Exercise instructions
Pictures aside, the data must be reproduced exactly.

Information shown
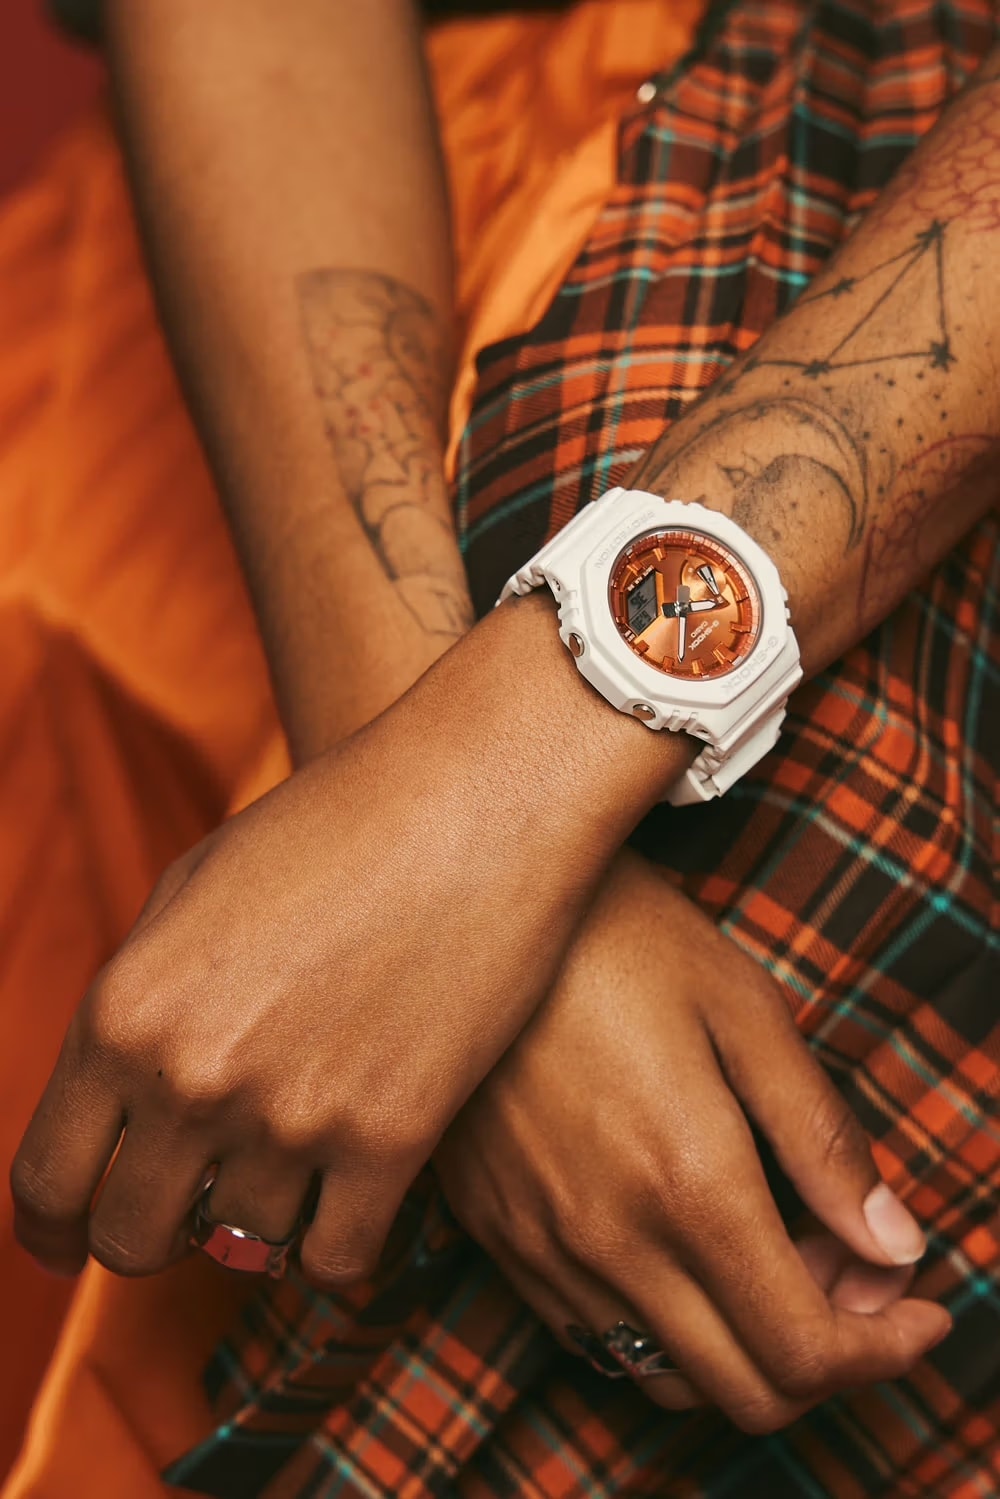 Gショックからホリデーシーズンにギフトしたくなるような腕時計がリリース G-SHOCK'S GIFT-GIVING SEASON COLLECTION
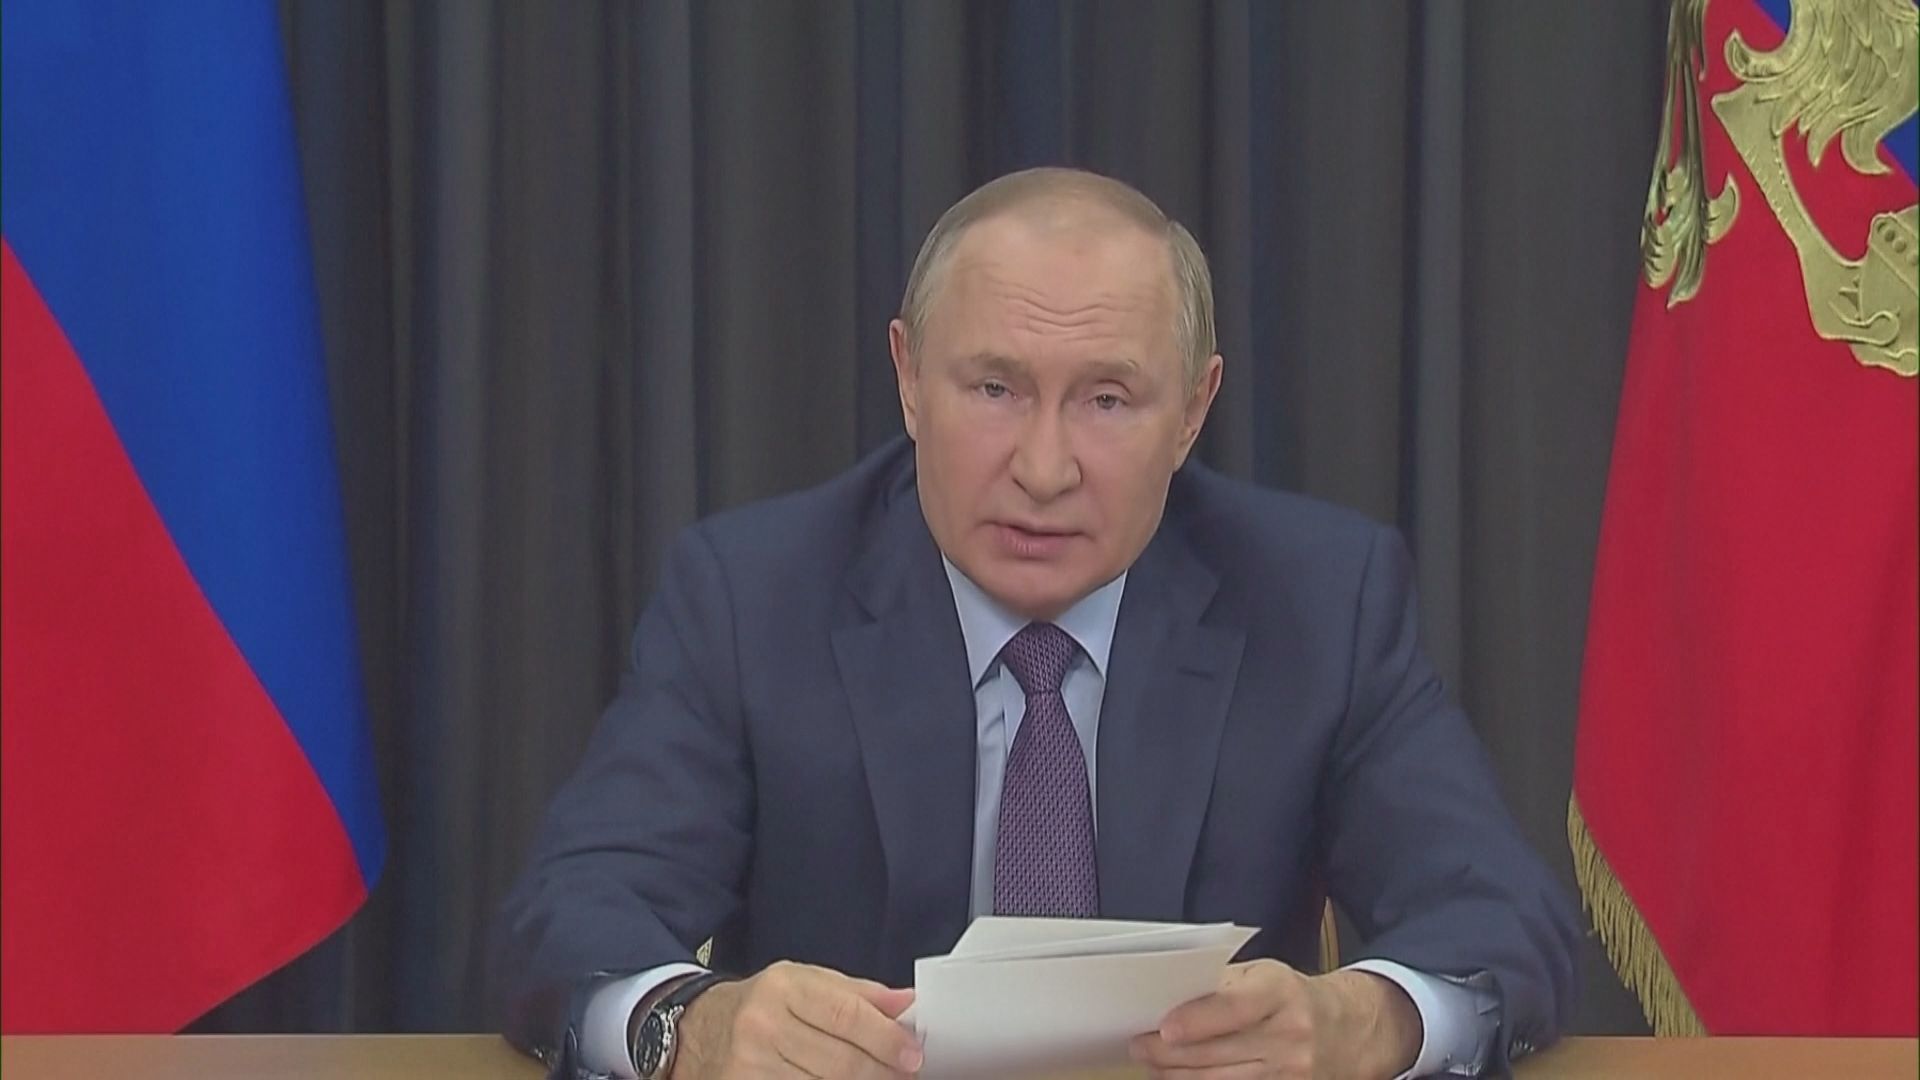 【速報】プーチン大統領 あす30日にウクライナ支配地域併合で演説
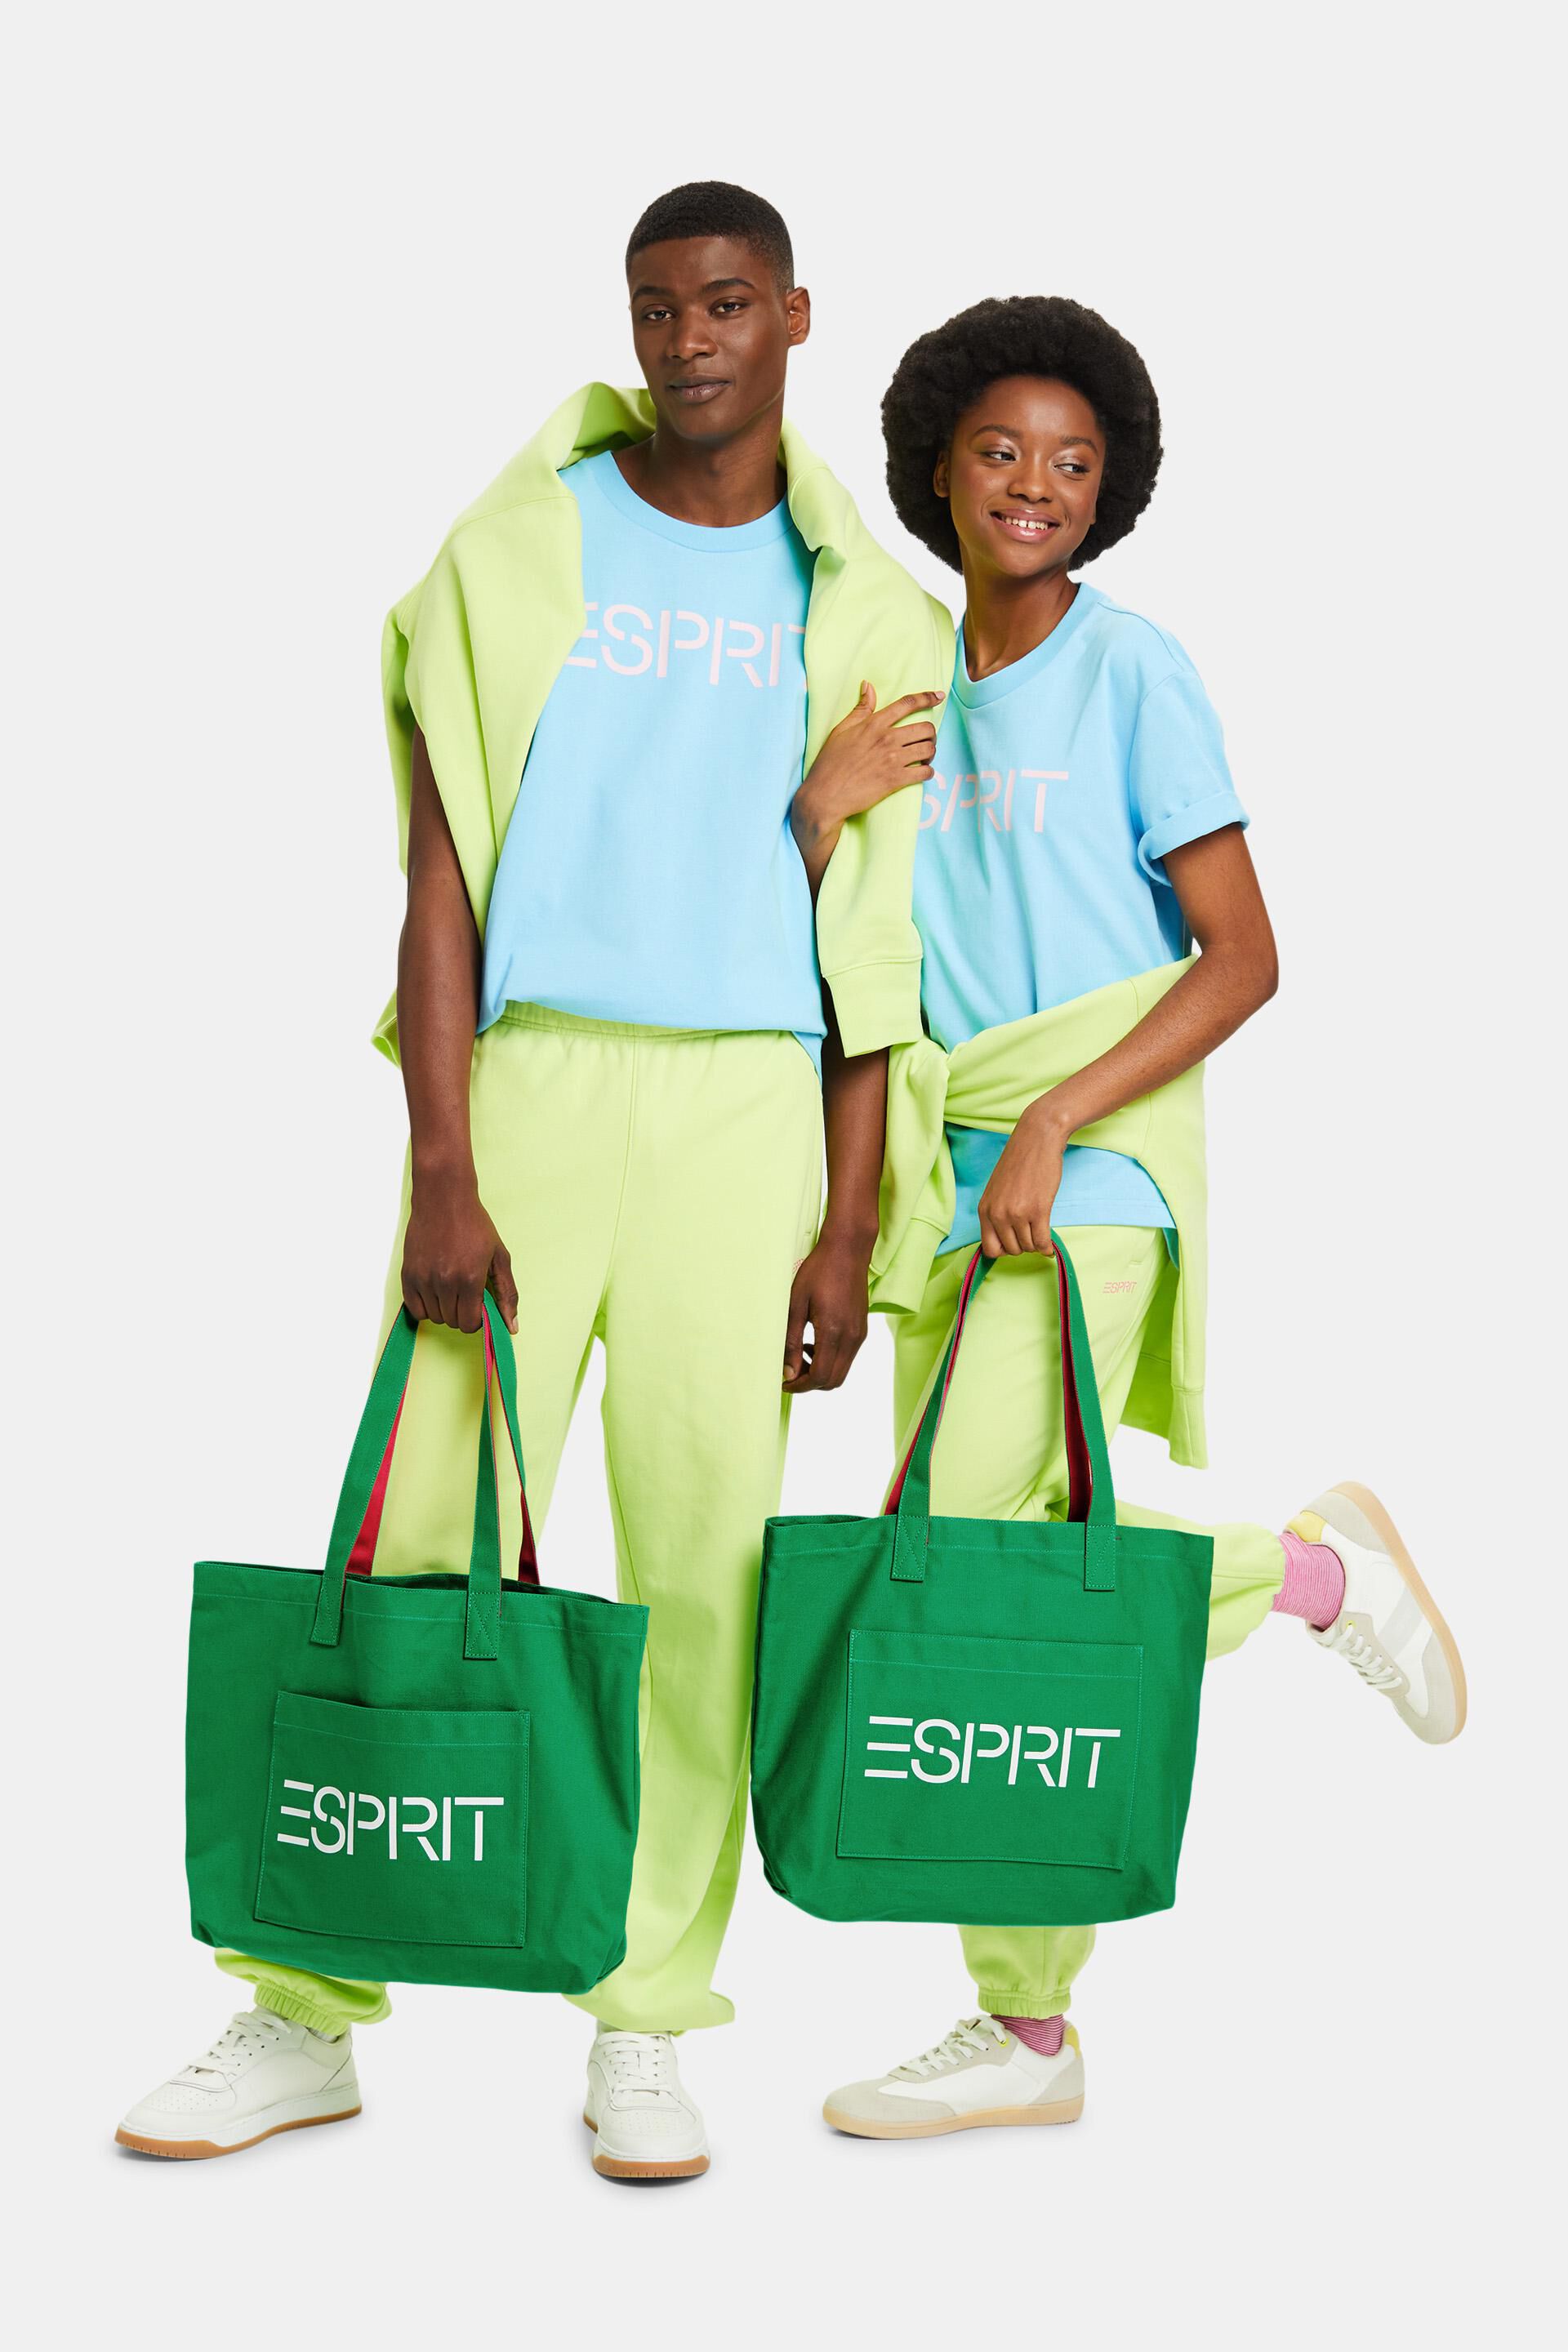 ESPRIT - Logo Canvas Tote Bag at our online shop

Solved exercise
 Gショックからホリデーシーズンにギフトしたくなるような腕時計がリリース G-SHOCK'S GIFT-GIVING SEASON COLLECTION
 【速報】プーチン大統領 あす30日にウクライナ支配地域併合で演説
 ESPRIT - Logo Canvas Tote Bag at our online shop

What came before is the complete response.